──────── Source material ────────
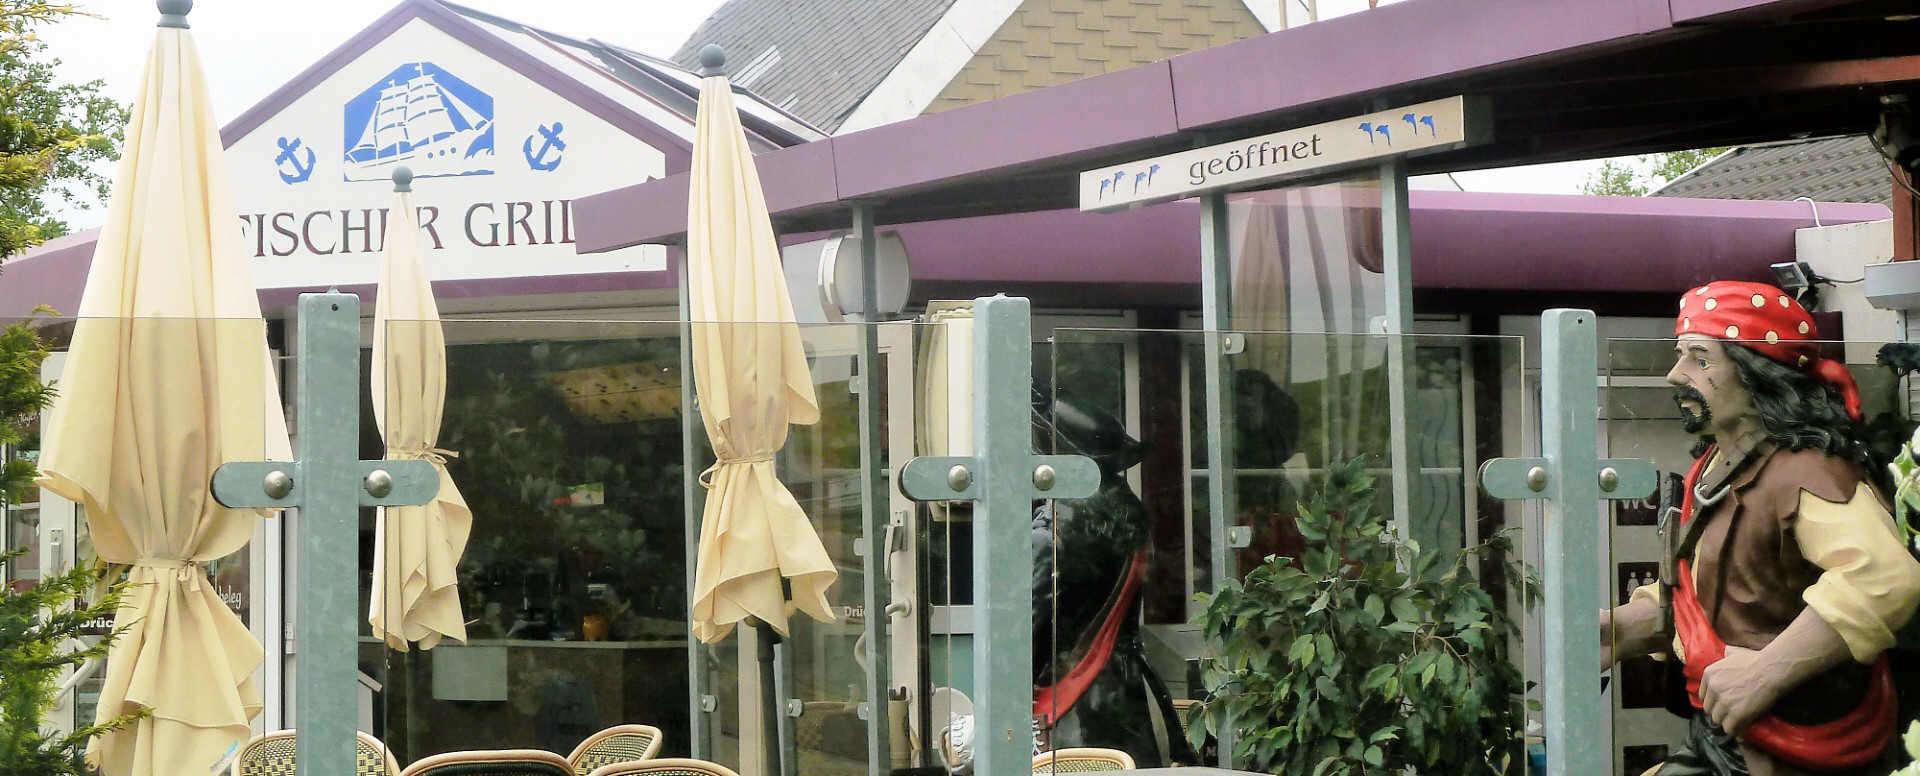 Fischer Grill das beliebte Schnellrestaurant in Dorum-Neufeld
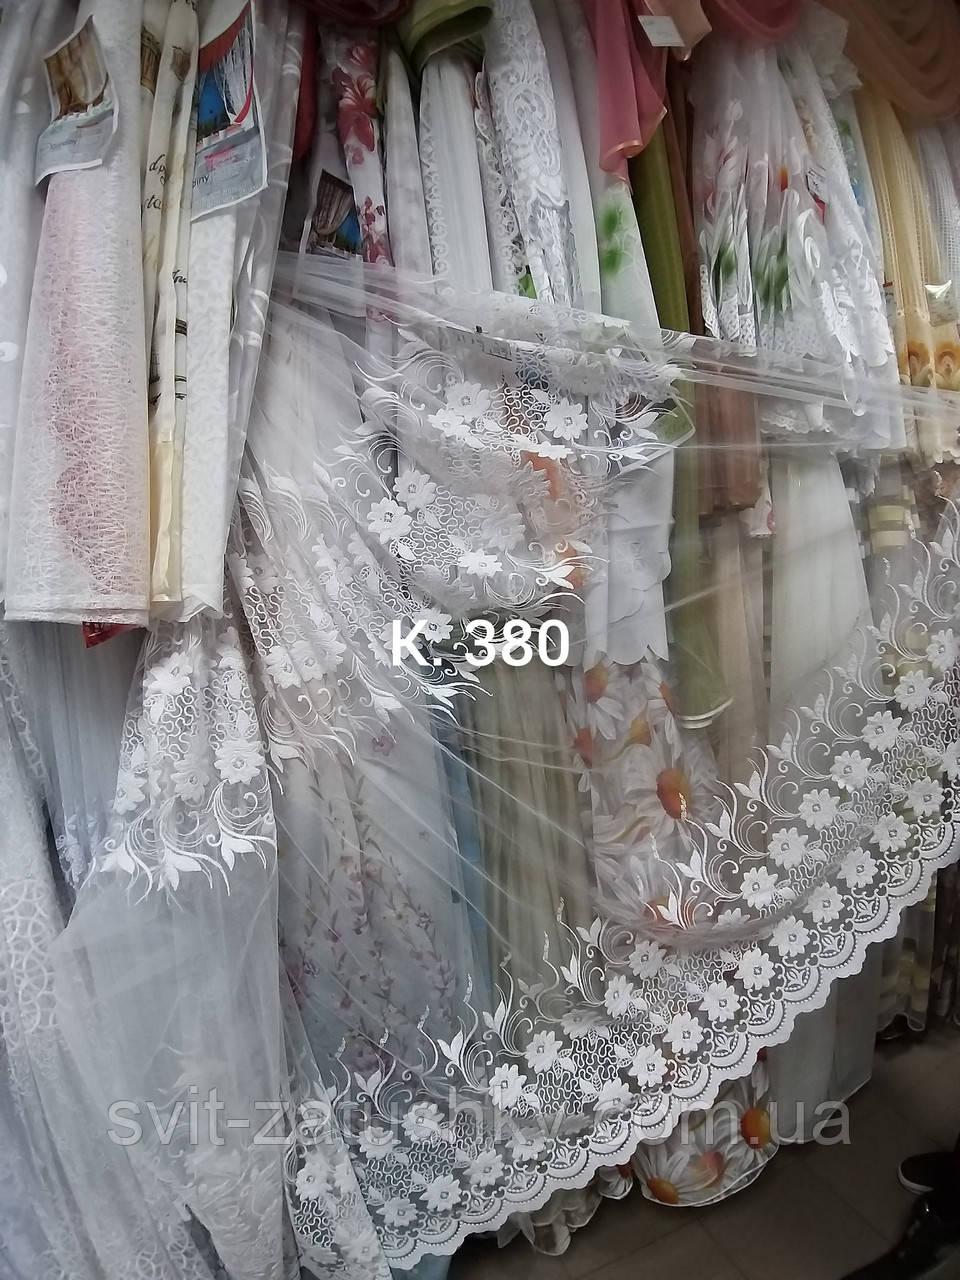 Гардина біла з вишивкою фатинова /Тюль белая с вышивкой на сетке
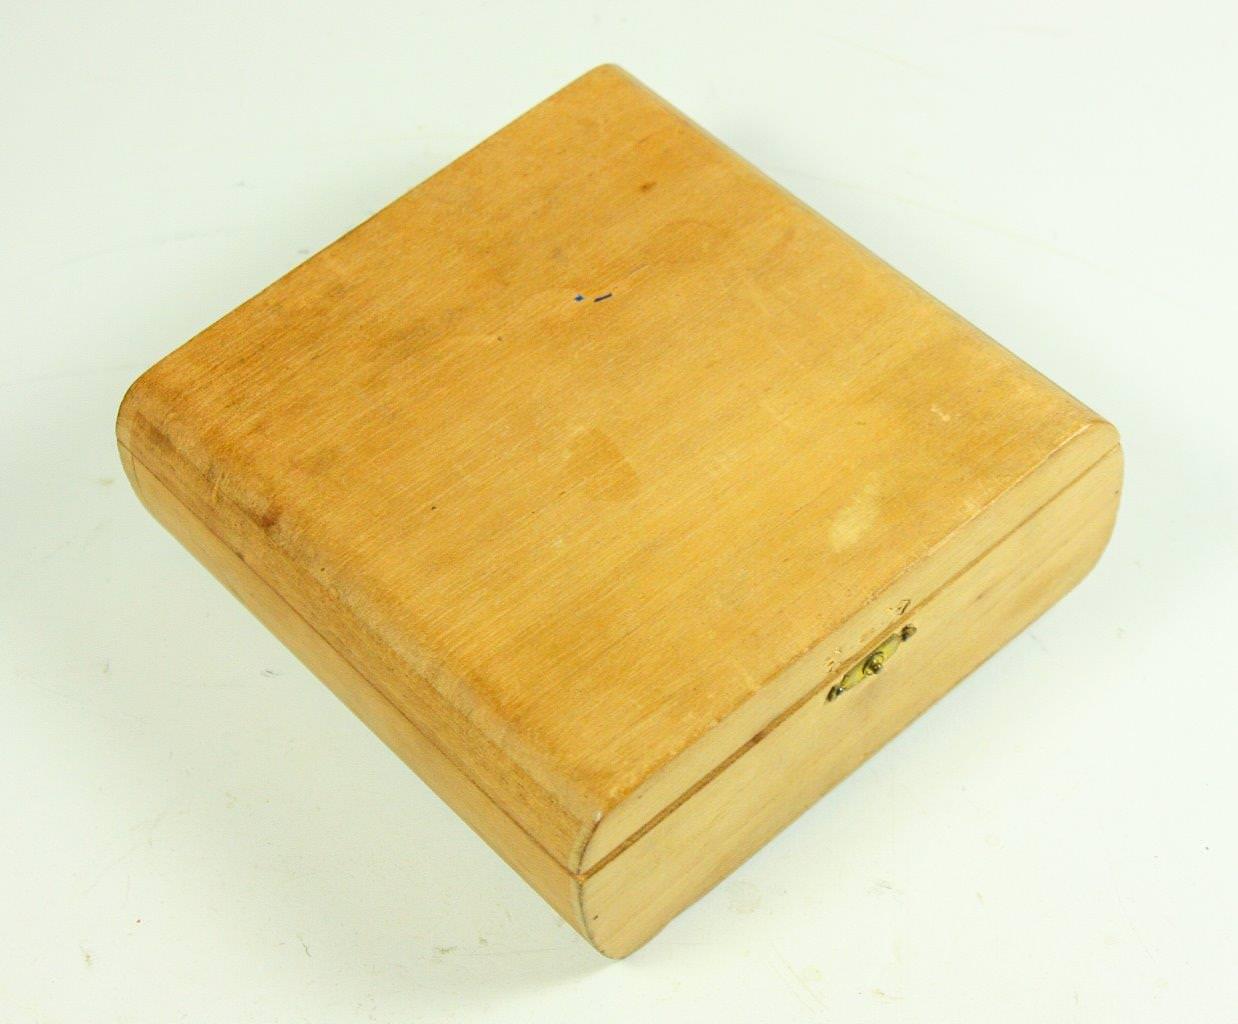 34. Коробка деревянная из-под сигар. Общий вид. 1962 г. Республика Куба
────────
## Brief
Wording must stay exact. Give again the lines from the line with "Гардина біла з" through the last line of the listing, both ends included, without pictures.

## Answer for this exercise
 Гардина біла з вишивкою фатинова /Тюль белая с вышивкой на сетке
 34. Коробка деревянная из-под сигар. Общий вид. 1962 г. Республика Куба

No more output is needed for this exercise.